Because the truth is, I was never meant to rule their world or be the center of their worship. They were never meant to belong to me or be my second chance. I was meant to guide them through this life, but not tell them how to live it. I was meant to be a model for them, but never their goal to attain. I’m no better than they are, I’ve just been doing this life thing a little bit longer.
So I tell them. I tell them when I mess up. I tell them I’m sorry. In fact, I tell them I’m sorry a lot. I let them see me cry. I tell them the truth when they ask hard questions even if that means telling them that I don’t know the answer. In those first moments of my motherhood journey when I “messed up” and showed them that I was imperfect, I found something beautiful. I thought it would break them to know the truth, but instead I found how much better I was as a mother when I was real. When I gave up trying to keep this fantasy of perfection going for my children, I found how much better it was for all of us. They didn’t lose respect for me or look down on me, in fact, it’s like they loved me more. Maybe they were relieved to know I was just like they are – flawed – so it must be ok. I think maybe we all found the freedom to love each other a little bit more.
I was never meant to model perfection to my children. I am supposed to show them how to navigate through life in even the hardest circumstance. I can’t do that if I’m hiding the truth from them. If I’m allowing them to believe that all those times they see me mess up are ok. So I say I’m sorry, I let them see me break down every once in a while, I tell them when I’m having a bad day, and I’ve told them of things I’ve done in the past that I regret. Because I’d rather be seen as loving and flawed than hypocritical.
The time will come when they will realize I am not perfect. And that time can either be now, with me leading the way, with the truth being shown in love and with a lesson.

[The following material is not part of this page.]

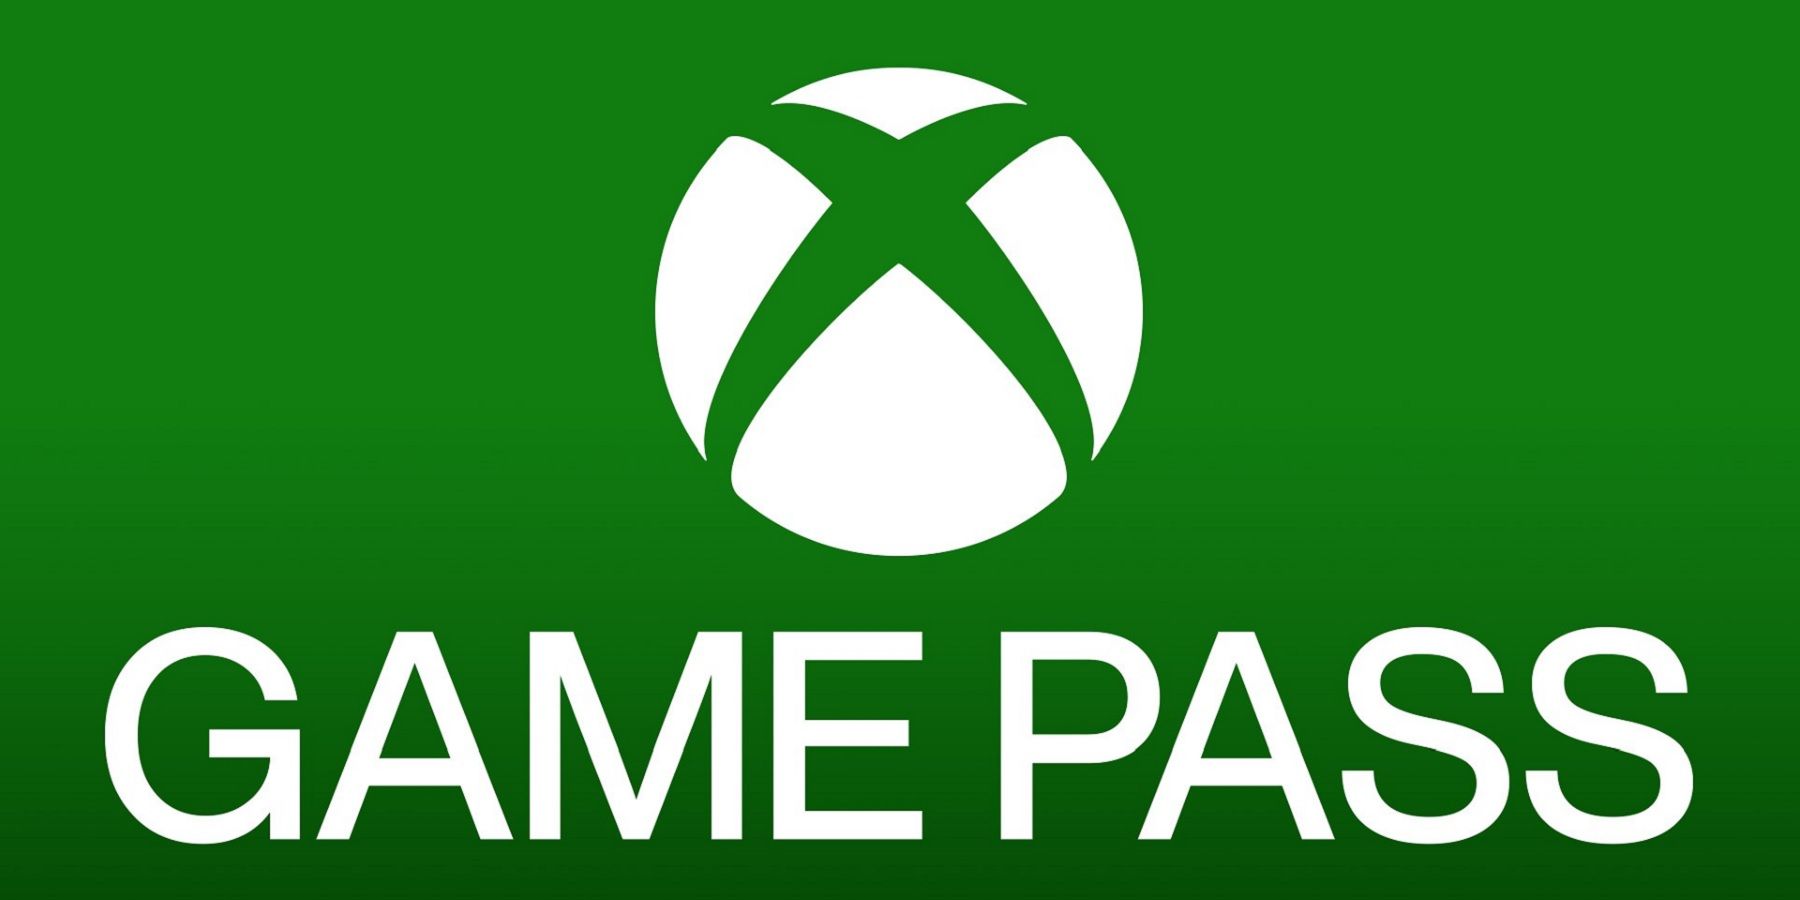 Xbox Game Pass Is Losing 5 More Games at the End of May 2023

Or that time can be when they realize for themselves that I’ve done something wrong, with them resenting this woman who always pretended to be perfect, with them learning nothing from me at all. I want to be the one to tell them I’m not perfect. I want to be the one to tell them who I really am. They will figure it out one day anyway, so why don’t I just go ahead and tell them now? It feels so much better not having to pretend. And for some strange reason they still love me unconditionally. They still think I’m the best person in the whole wide world. Who would have thought?